The authors’ account leaves many questions about the role of mentoring in the rapidly unfolding neoliberal world unanswered. This was not part of their project, but emerges from a careful reading of it. Newburn and Shiner write that ‘simply providing opportunities for change is unlikely to be sufficient. Multi-modal interventions which recognize the variety of problems that individuals face have been found to be particularly effective’ (p.140). In light of this evidence it is important to question to what extent mentoring programmes, which suggest they are dealing with ‘disaffection’, mask and allow systemic structures (racism, classism, ageism, heterosexism, & etc.) to continue – to grow? – even as the state appears to be taking social problems seriously? Individually tailored programming go only a short way toward untangling the aporetics which feed the neoliberal machine, which are, in the same instance, quite efficient at integrating and/or (r)ejecting alterity.

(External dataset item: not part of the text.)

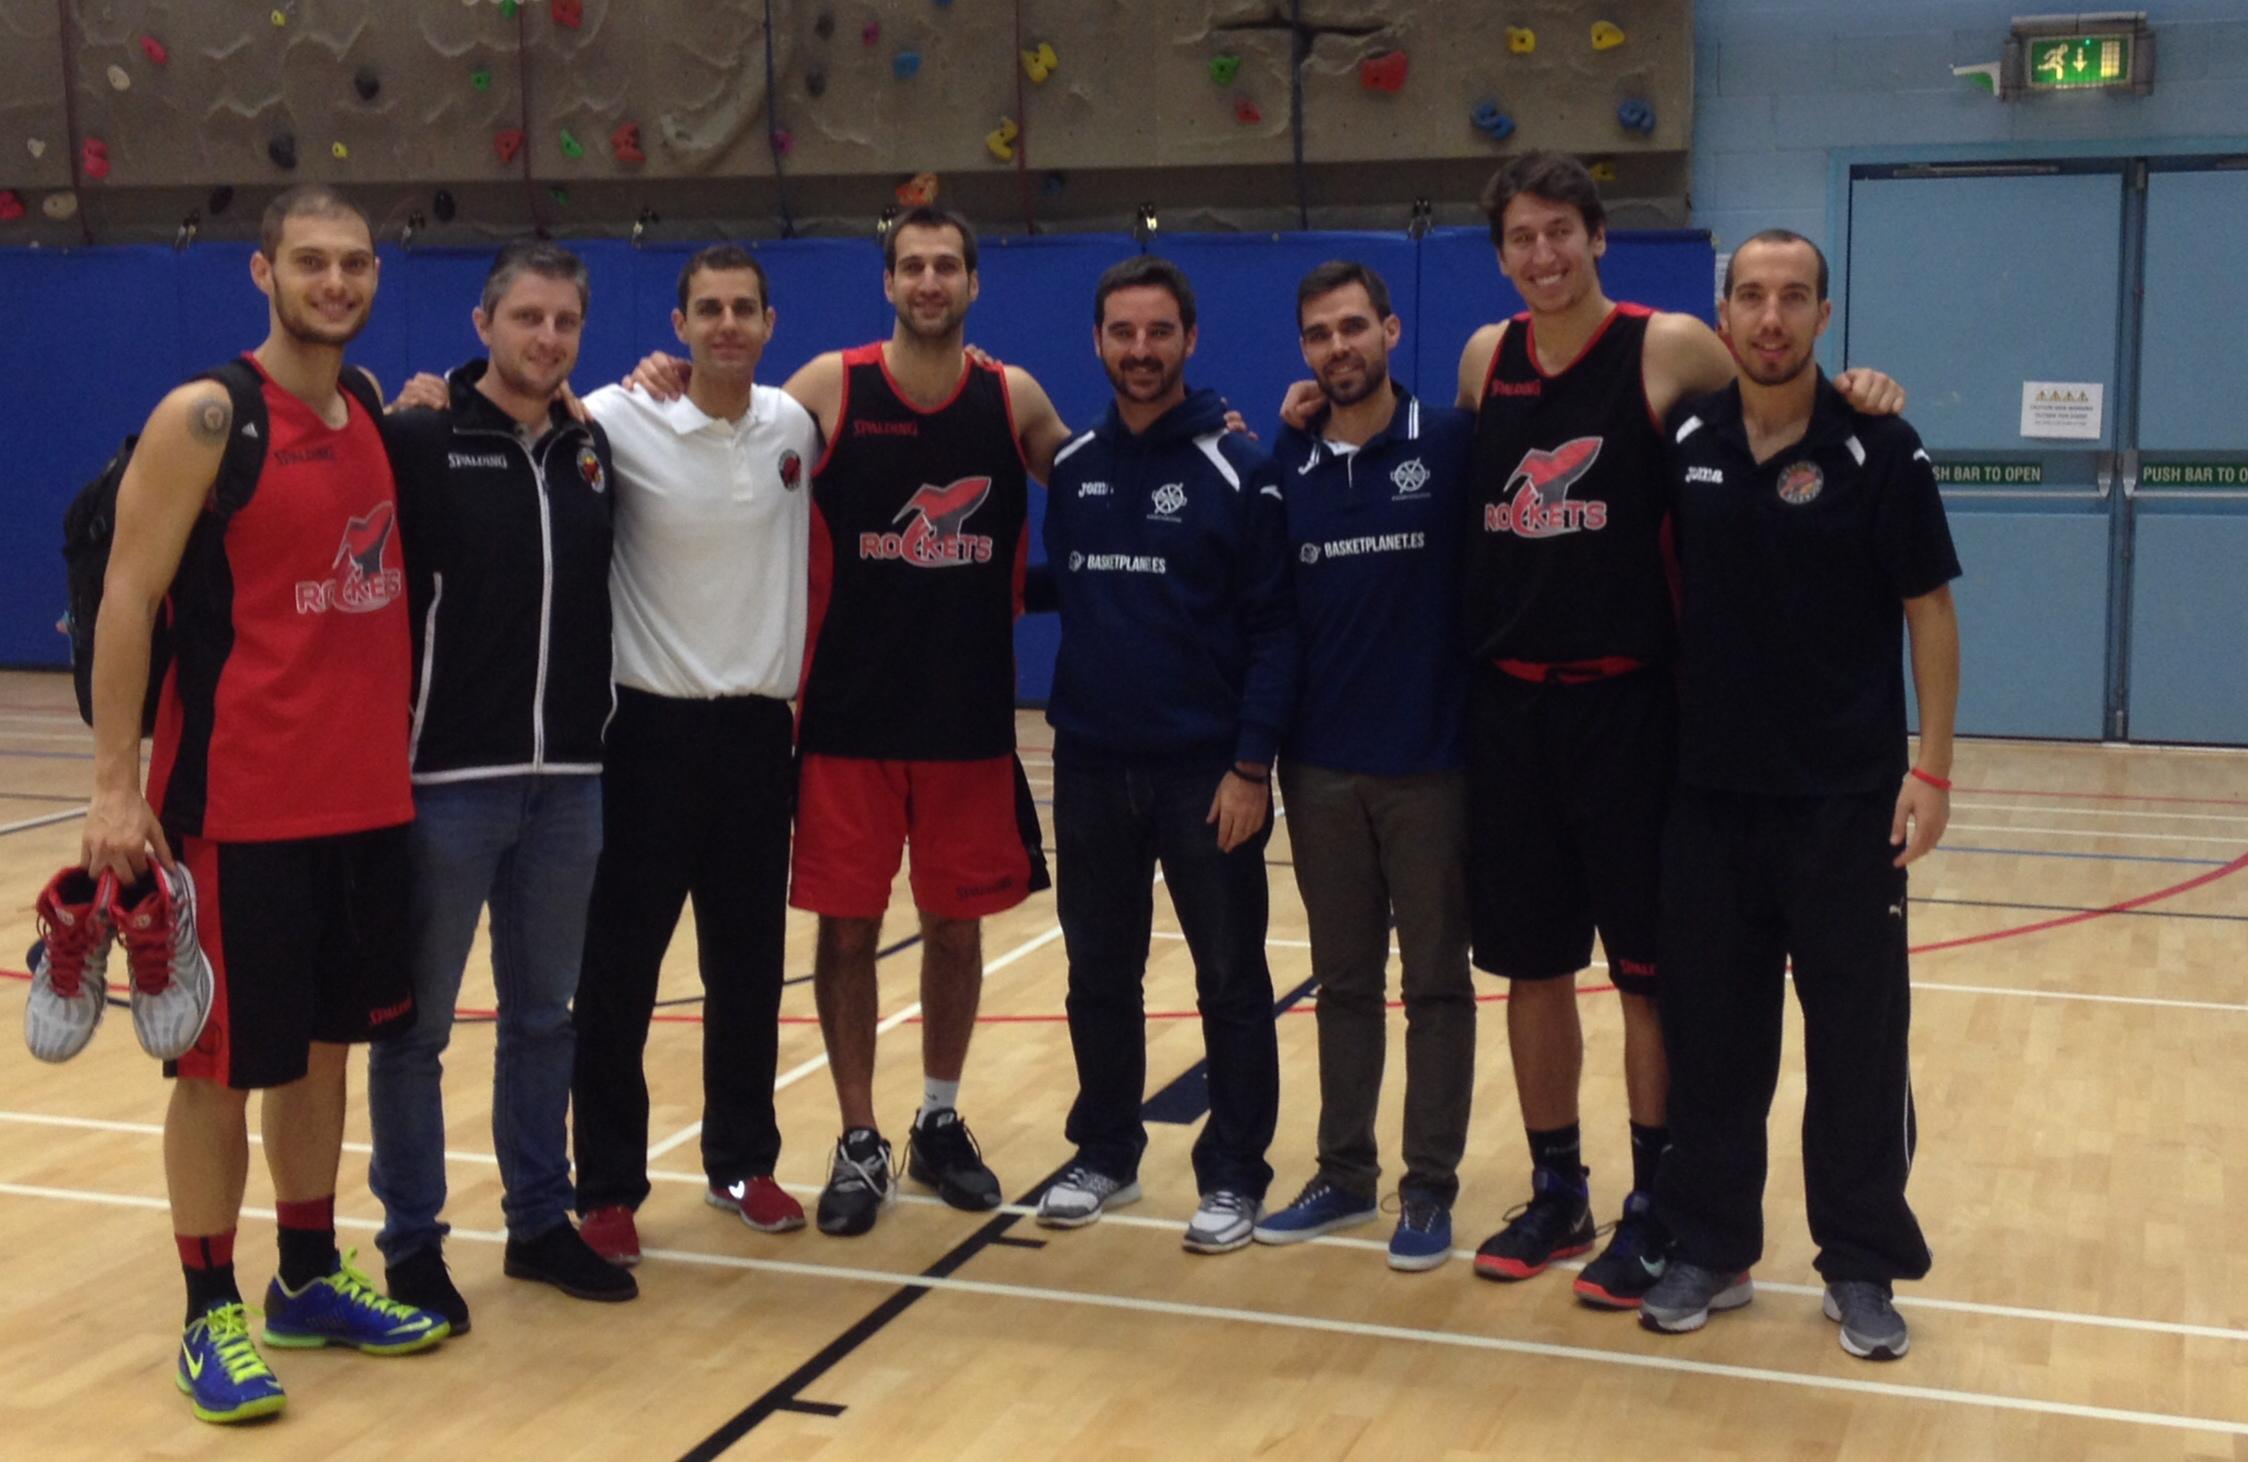 Españoles del Reading Rockets

Newburn and Shiner argue they are ‘interested in young people’s perceptions of participating in a mentoring programme’ (p.57). While evidence of youthful voices is sprinkled throughout the narrative, greater integration of this ensemble extracted via their in-depth interviews would have contributed notably to the book. As it stands, much of this pithy detail is constrained/contained in ‘case studies’ fixed in boxes which, as such, are separated from the main text using black lines which seem to suggest these are inconsequential and tangential to the authors’ task. But this is not surprising given the ideological positioning of youth within/out Western society. Indeed, youth often insist on being heard, but as a result of cultural conventions their voices are often negated by adult ‘listeners.’ Much can be gained from youth mentoring youth. In Edmonton, for example, two highly innovative social justice programmes boasting a mentoring component have been conceived, implemented and are being administered (almost) entirely by young people (YRAP and the fledgling Youth Drug Treatment Court). I am not suggesting that Newburn and Shiner entirely discredit or silence youthful voices, only that youth voices should have been more fully integrated into their narrative and adolescent otherness more widely acknowledged, welcomed and respected within Western society.

This is an important work, one whose dual focus (programme and evaluation) will no doubt resonate with practitioners and Criminologists alike.